Meeting the clean energy requirements of states in the Western Power Pool Region —Washington, Oregon, Montana, Idaho, Nevada, Utah, Wyoming, Colorado and part of northern California — will require an additional 160,000 megawatts of clean power, according to the new report.

That will cost $142 billion for new infrastructure as changes are made to the electricity production mix, such as retiring coal and natural gas plants and adding wind and solar production.

The analysis said that cost estimate could be low because it does not consider factors such as new long-distance, high voltage transmission infrastructure and increased demand as buildings and cars and trucks shift to electric use.

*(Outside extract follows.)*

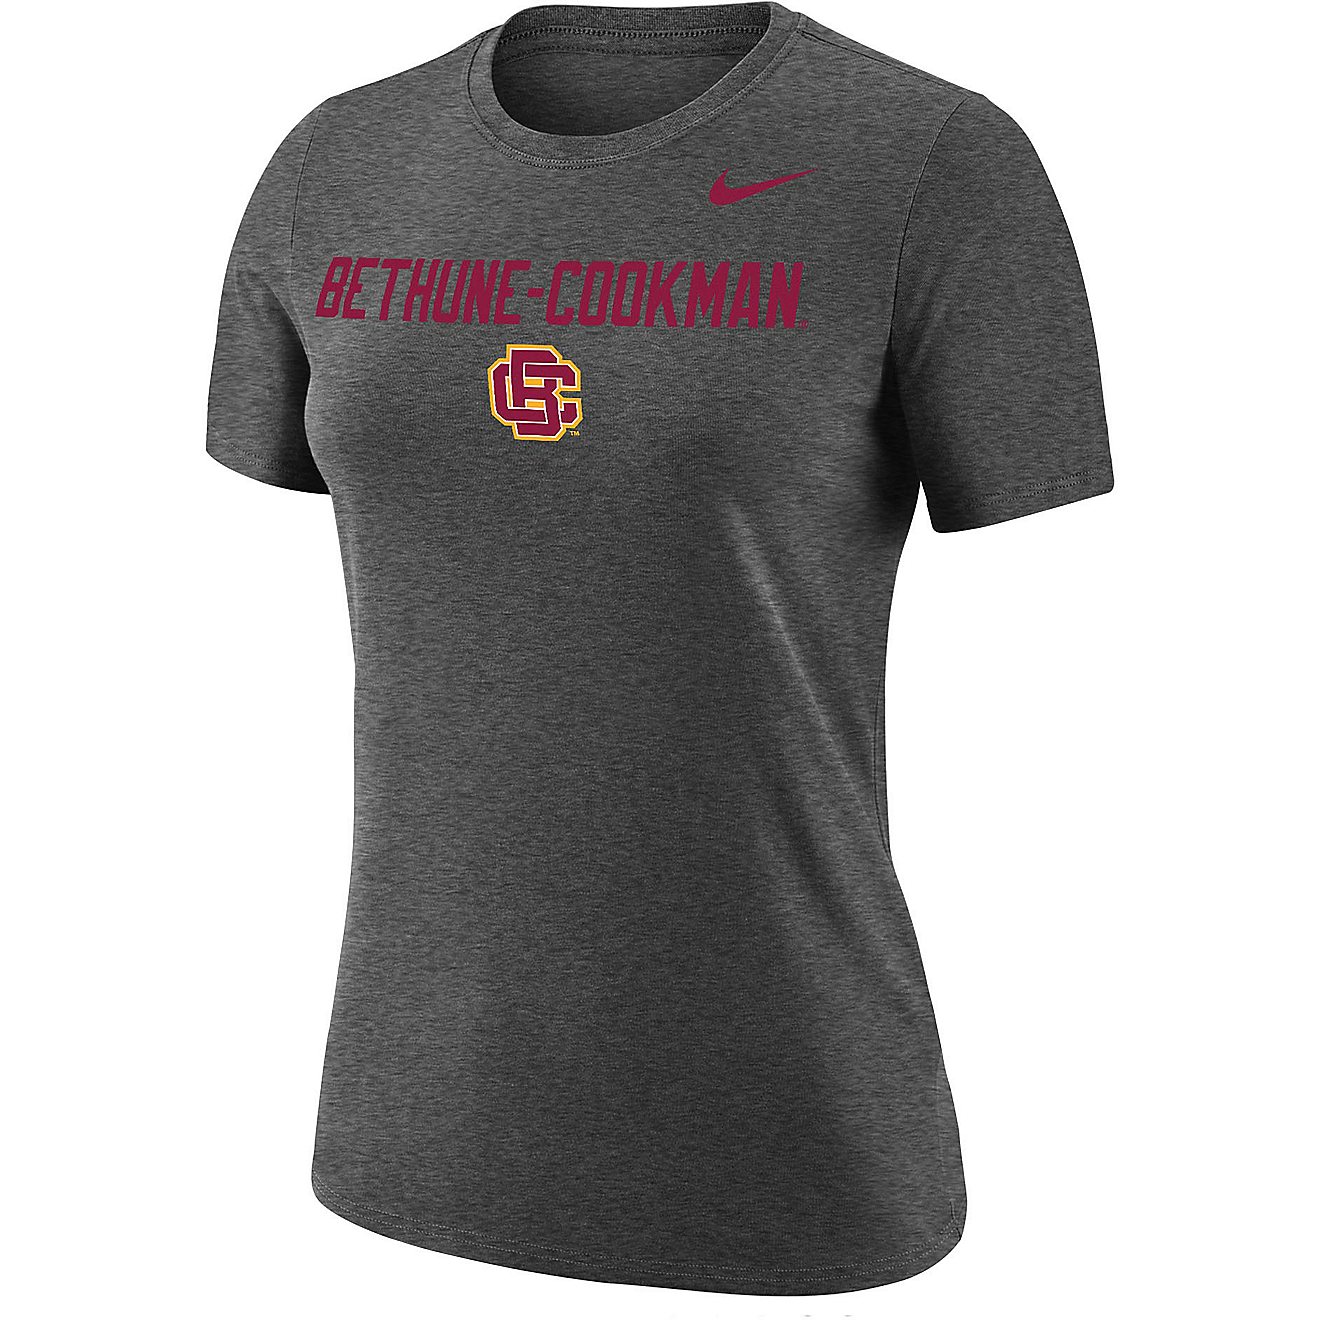 Nike Women's Bethune-Cookman University Dri-FIT Cotton Short Sleeve T ...

It also does not consider whether enough land will be available for the significant expansion of wind and solar production.

Four hydroelectric dams on the Snake River in Eastern Washington are proposed to be removed or breached to improve salmon runs.
Four hydroelectric dams on the Snake River in Eastern Washington are proposed to be removed or breached to improve salmon runs.

Breaching the dams would require an additional 14,900 megawatts of new generation and batteries, the analysis said.

This is 23% of the Pacific Northwest’s current generation capacity and enough to power 15 cities the size of Seattle, according to Northwest RiverPartners.

It attributed the high generation capacity estimate to the need to have power available when demand peaks and the inefficiencies of wind and solar electricity production, which generally produce intermittent power at the same times.

Even if the region doubles its pace of adding renewable energy infrastructure, it is unlikely that state goals can be met until 2076, the analysis concluded.

It would cause emissions in the Pacific Northwest to increase by 145 million tons of carbon dioxide to maintain grid reliability, the analysis said. That includes an additional 5.5 million to 8.4 million tons released into the atmosphere should the four hydroelectric dams be breached, the study said.

“The current risk in not meeting our region’s decarbonization goals is high,” Miller said. “Removing the Snake River dams increases that risk to the breaking point.”

Comment on dam breaching

Online comments on the Inslee/Murray report that concluded breaching the dams is possible, but expensive, can be submitted through the project website: lsrdoptions.org. Emailed comments can be sent to info@lsrdoptions.org with the email subject line “Draft LSRD Benefit Replacement Study.”

Comments also may be mailed to Draft LSRD Benefit Replacement Study c/o Ross Strategic, 1325 Fourth Ave., Suite 1600, Seattle, WA 98101.